Smith was in Haiti for 10 days. He was part of a strike team that helped ensure The Salvation Army's ability to locally support international aid.

He also worked with the US Embassy to support coordination with USAID and other domestic response organizations.

"I saw resolve that overwhelmed my spirit," he said. "We have so much to be thankful for, and this disaster taught me that like no other."

During the past 12 months, The Salvation Army has provided the following services to the residents of Haiti:

  • 7.9 million meals
  • 1.5 million gallons of fresh water
  • 83,000 mosquito nets
  • 27,000 clinic visits
  • 8,100 cleaning kits
  • 7,100 personal hygiene kits
  • 4,000 tarps
  • 4,000 solar lights
  • More than 5,000 tents
  • 606 transitional shelters

To date, The Salvation Army has raised $29 million in domestic resources and $10.8 million through international affiliates. Fifty percent of the money has already been utilized on immediate response efforts. The remaining funding will be allocated to long-term recovery projects. The attached fact sheet also gives more information.  

Capt. Albert Cancia, a Salvation Army officer of Haitian descent now stationed in West Palm Beach, said the need in his country has been overwhelming. Cancia was in Port-au-Prince for more than two weeks working with the United Nations ensuring security during transportation and distribution of relief supplies

During his time, he learned about the generosity of strangers and the strength of the human spirit.

"There was so much work to do upon arrival and I knew we must begin immediately," he said. "We began by simply feeding their spirits and before you knew it, those whom suffered such devastation were assisting us with every aspect of recovery from the disaster."

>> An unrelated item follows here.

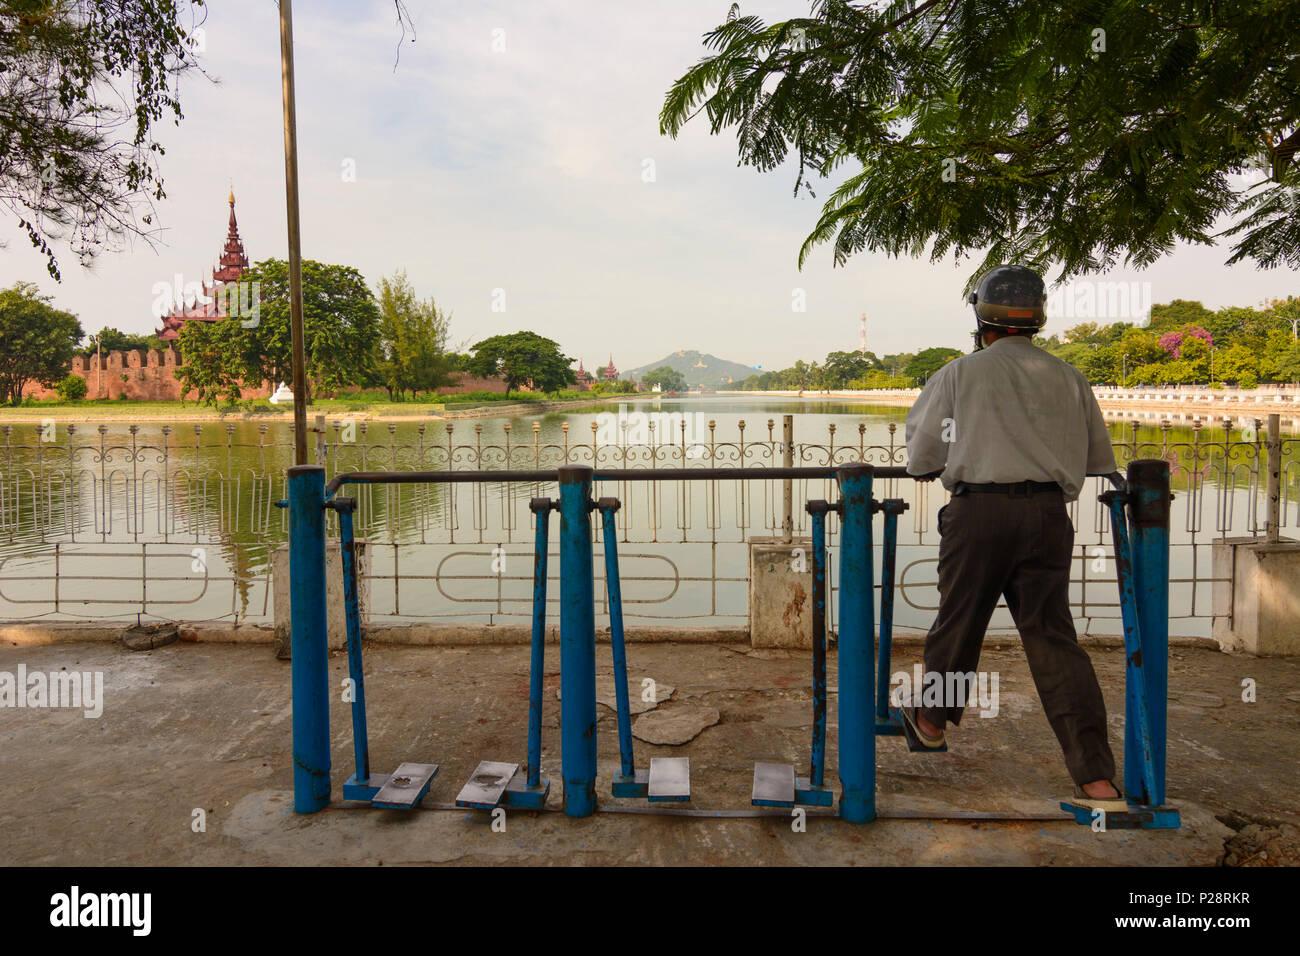 Palais de Mandalay Mandalay, rempli d'eau, douves, bastion, Mandalay Hill, machine d'exercice, Région de Mandalay, Myanmar (Birmanie) Photo Stock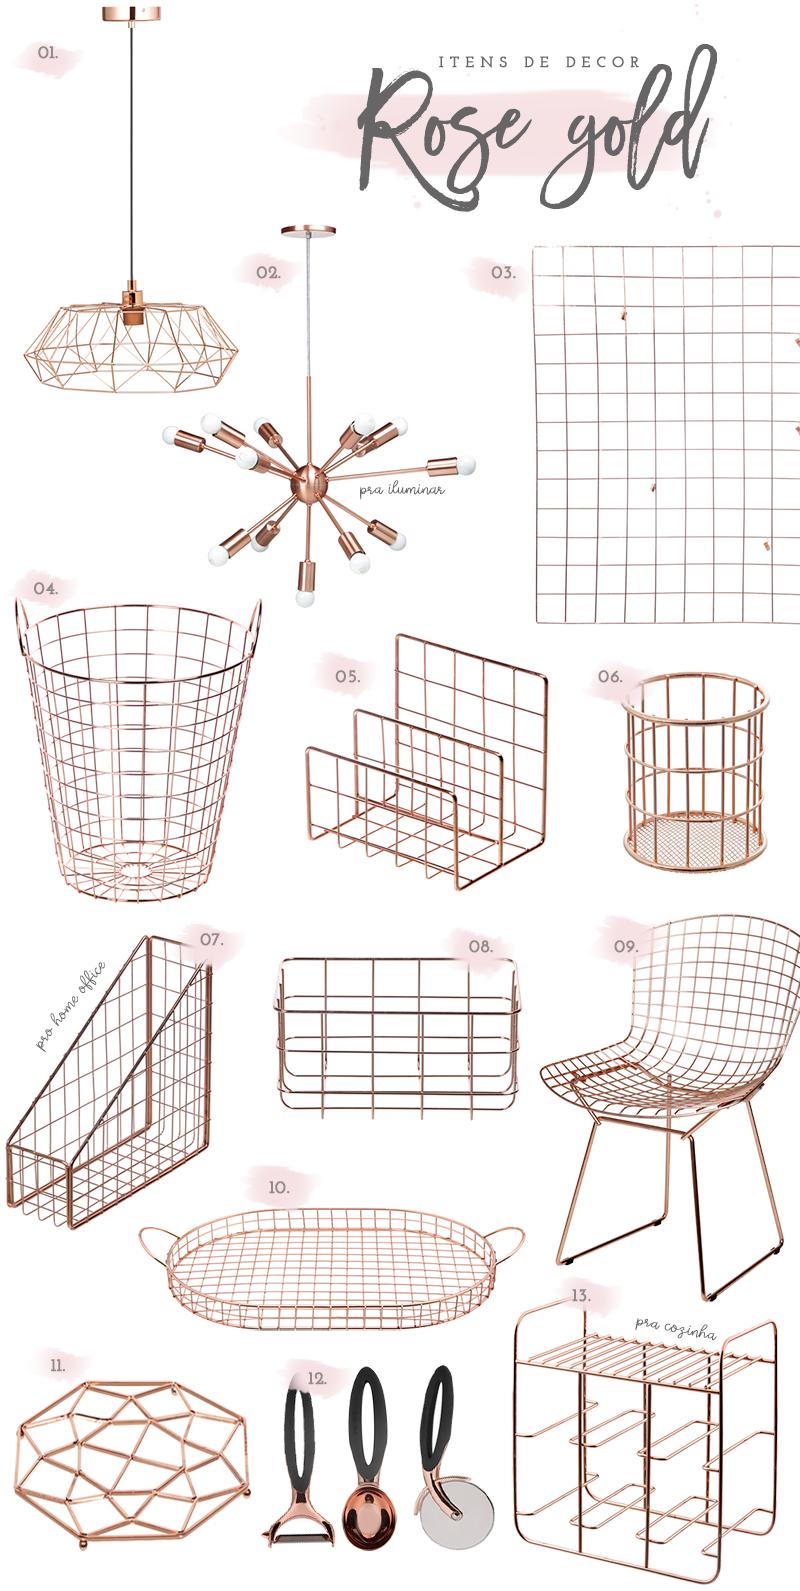 onde comprar acess rios em rose gold para decorar a casa. Black Bedroom Furniture Sets. Home Design Ideas

Along with short-term programs, The Salvation Army continues to help Haiti long-term with school repair and construction, integrated family support,  primary healthcare clinic, community capacity development, psychological and social support for children and adolescents, vulnerable children support, temporary classrooms for College Verena, emotional and spiritual support for women and managing an internally displaced persons camp.

Other members of The Salvation Army Florida disaster team who traveled to Haiti are Captains Louna and Pierre Smith (Naples), Major Thomas Louden (Fort Myers), Capt. Albert Cancia (West Palm Beach) and Kevin Smith (Tampa).